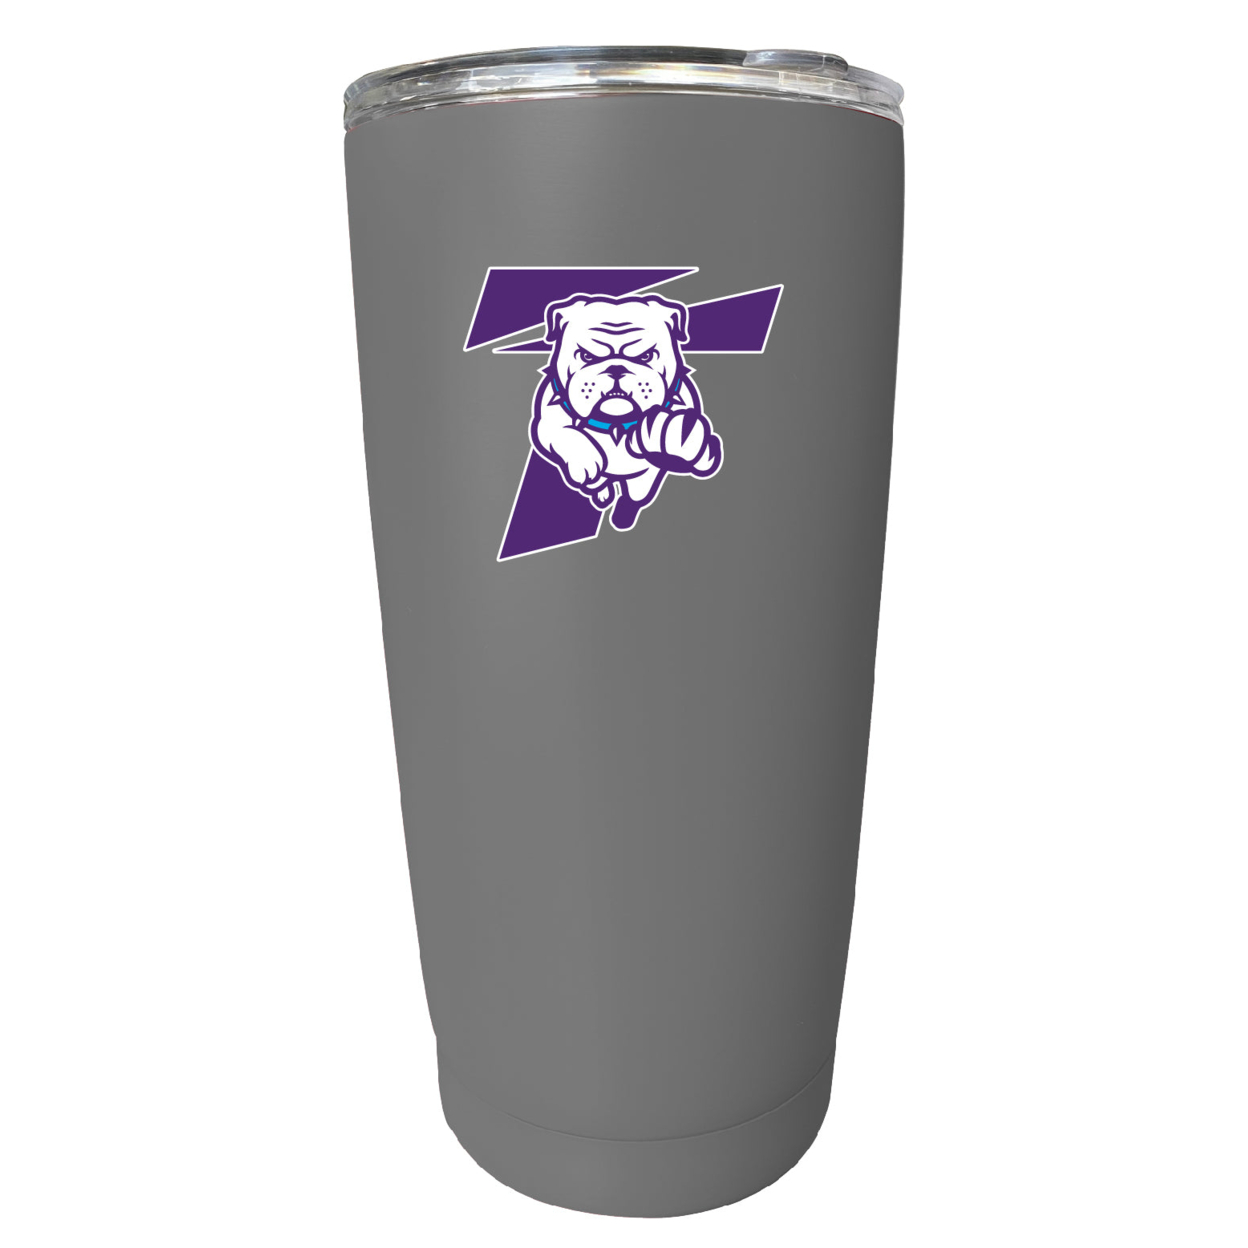 Truman State University 16 Oz Stainless Steel Insulated Tumbler - Gray
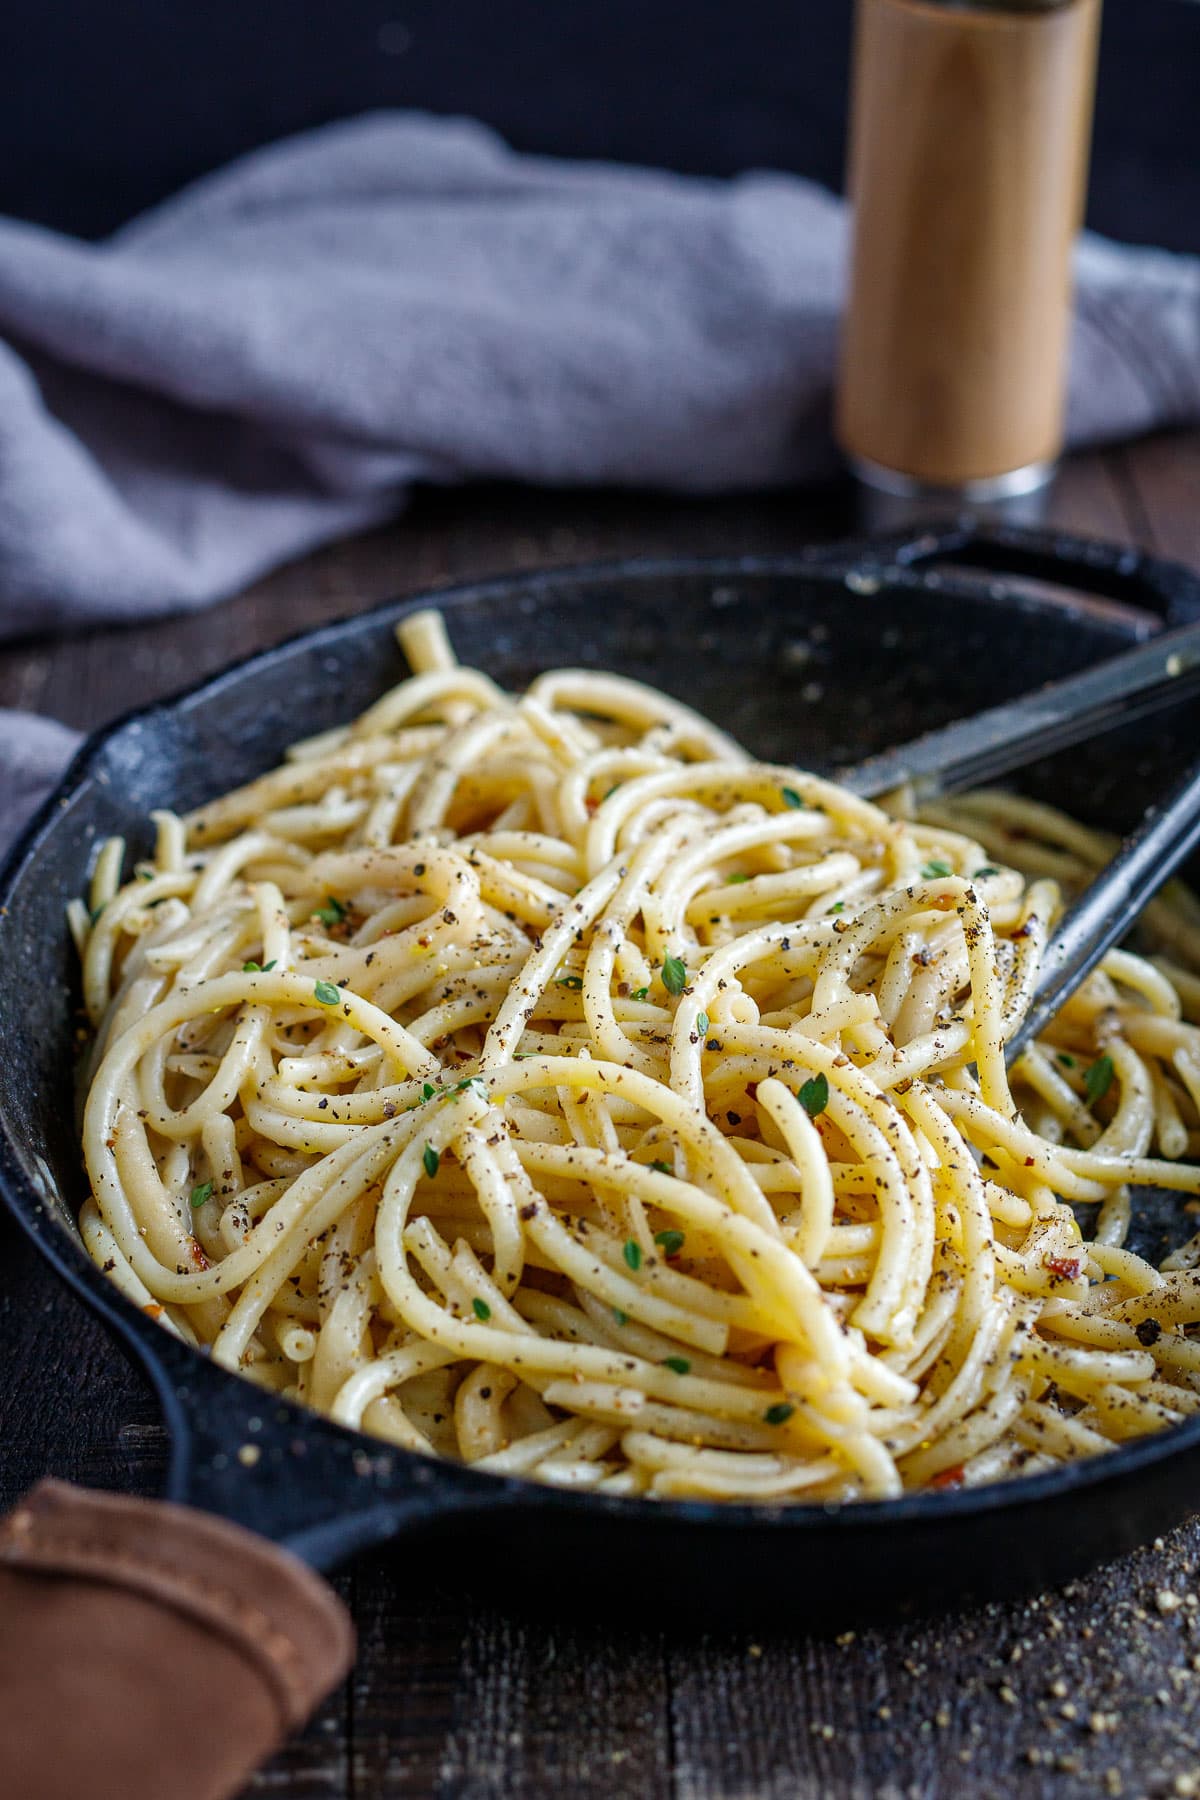 A simple, authentic recipe for Cacio e Pepe - a classic Roman pasta recipe with only 4 ingredients, that can be made in 20 minutes flat. 
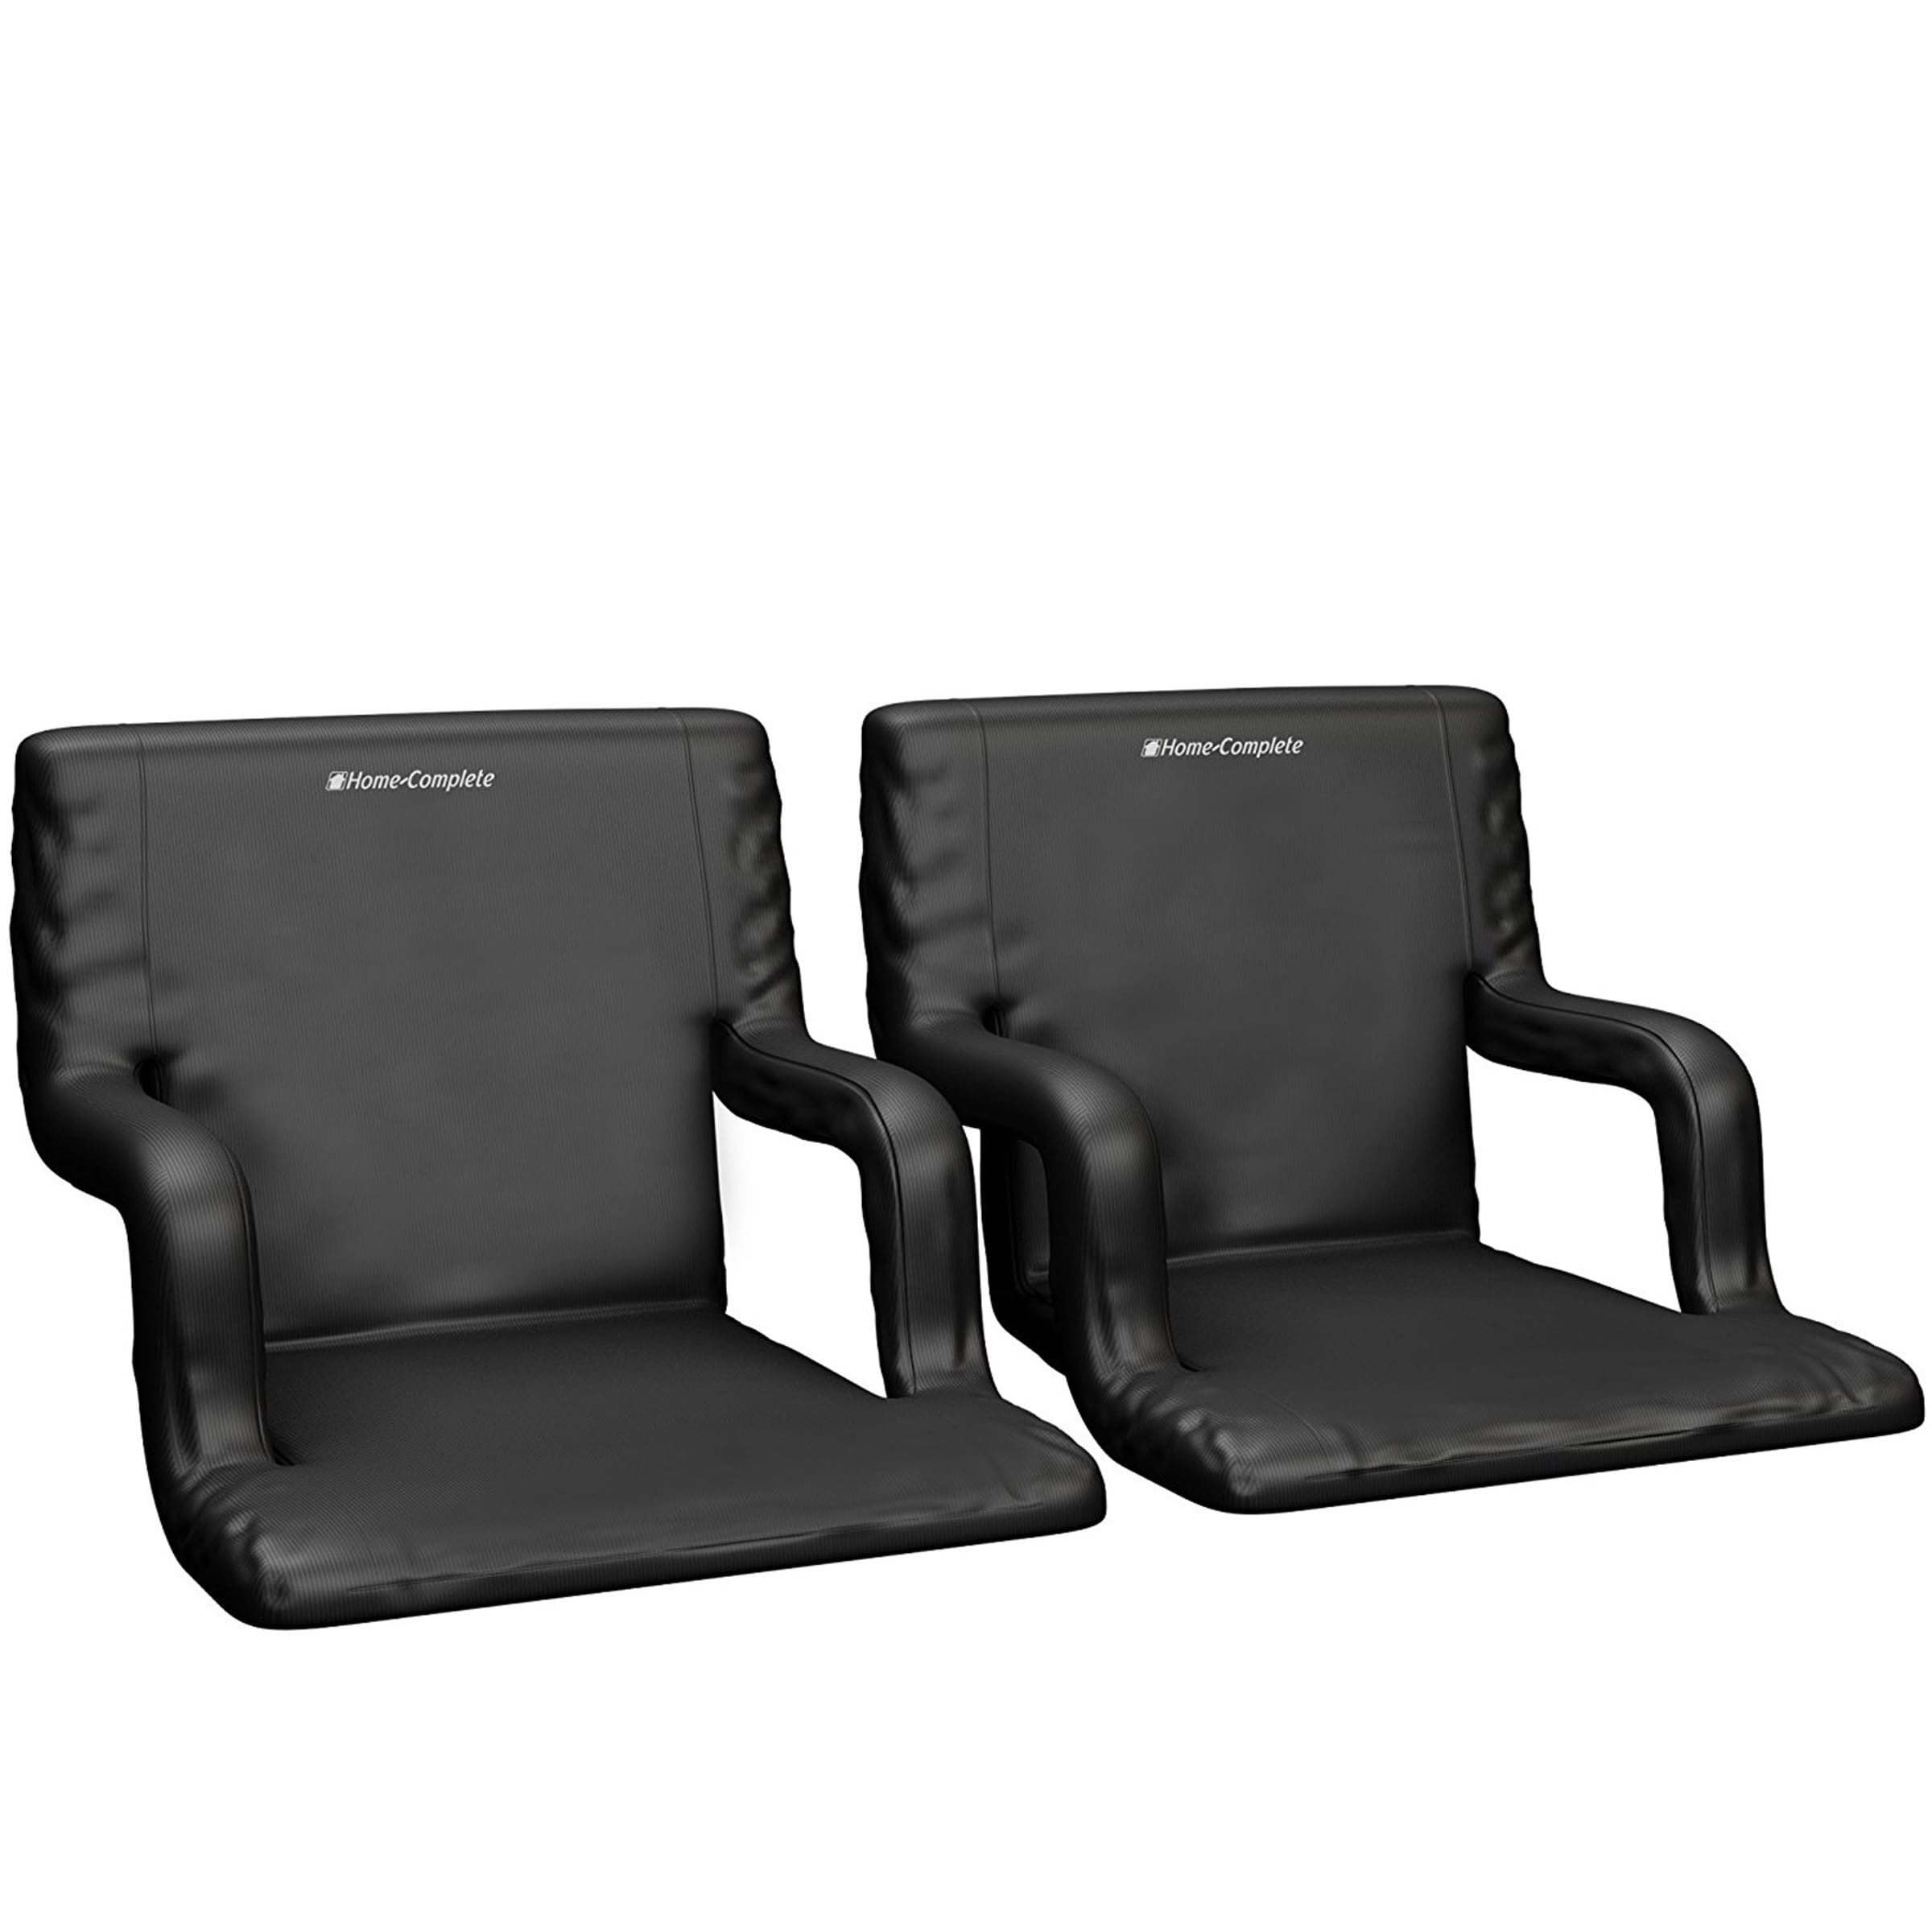 https://ak1.ostkcdn.com/images/products/is/images/direct/554581dbde894c9c0d1b95b4b35a16b40c40ea96/Stadium-Seat-Chair-2-Pack-Bleacher-Cushions-with-Padded-Back-Support-By-Home-Complete.jpg

▶ **TASK GOAL**:
Please copy, exactly and only, the lines of the listing that run from the one holding "A simple, authentic" through its last line, and exclude pictures.

▶ **EXERCISE ANSWER**:
 A simple, authentic recipe for Cacio e Pepe - a classic Roman pasta recipe with only 4 ingredients, that can be made in 20 minutes flat. 
 https://ak1.ostkcdn.com/images/products/is/images/direct/554581dbde894c9c0d1b95b4b35a16b40c40ea96/Stadium-Seat-Chair-2-Pack-Bleacher-Cushions-with-Padded-Back-Support-By-Home-Complete.jpg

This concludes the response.